Versions for the Commodore 64, ZX Spectrum, Amstrad CPC, Amiga, and Atari ST were developed by Tiertex and published by U.S. Gold in 1988 in Europe. A different Commodore 64 version was developed by Pacific Dataworks and published by Capcom USA. Capcom also published an MS-DOS version in 1989, developed by Hi-Tech Expressions. Hi-Tech re-released the game as part of the Street Fighter Series CD-ROM collection.

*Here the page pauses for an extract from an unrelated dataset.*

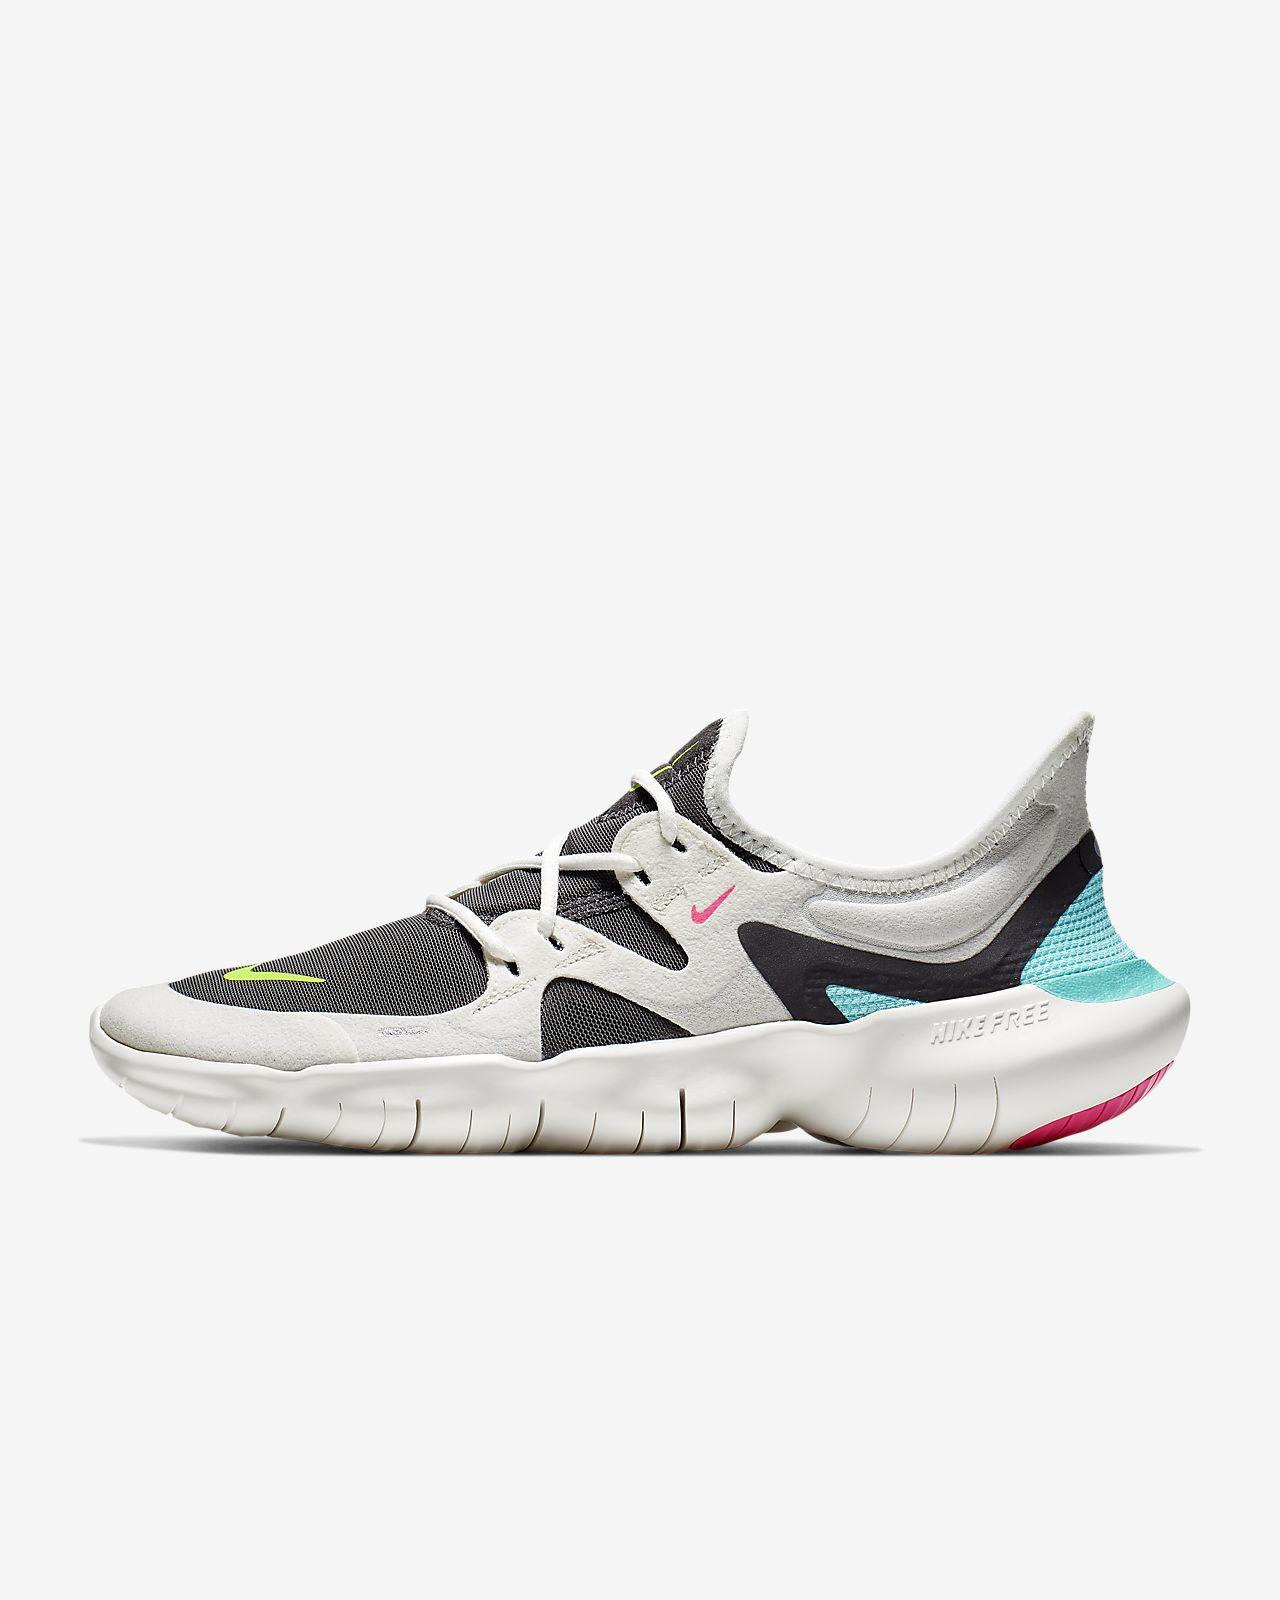 6da67fb0 Женские беговые кроссовки Nike Free RN 5.0. Nike.com RU

An emulation of the original arcade version is in Capcom Arcade Hits Volume 1 (along with Street Fighter II': Champion Edition) for Windows, Capcom Classics Collection Remixed for the PlayStation Portable and Capcom Classics Collection Vol. 2 (along with Super Street Fighter II Turbo) for the PlayStation 2 and Xbox, and Street Fighter 30th Anniversary Collection for PlayStation 4, Xbox One, Nintendo Switch, and Windows.

Reception

Arcade
The original punching-pad cabinet was not successful as Capcom had planned, with only around 1,000 units sold. However, the alternate six-button version was more successful, selling in the tens of thousands, with estimates ranging from between 10,000 and 50,000 units sold. In Japan, Game Machine listed Street Fighter on its September 15, 1987, issue as the fifth most-successful upright arcade unit of the month, before reaching No. 3 in October 1987 and then No. 1 in January 1988. It became Japan's fifth highest-grossing large arcade game of 1987, and the country's eighth highest-grossing arcade game of 1988. In the United Kingdom, the Coinslot charts, in the August 1988 issue of Sinclair User, listed Street Fighter as the top-grossing dedicated arcade game of the month. It was not as successful in the United States, where it peaked at No. 10 on the RePlay upright cabinet chart in December 1987.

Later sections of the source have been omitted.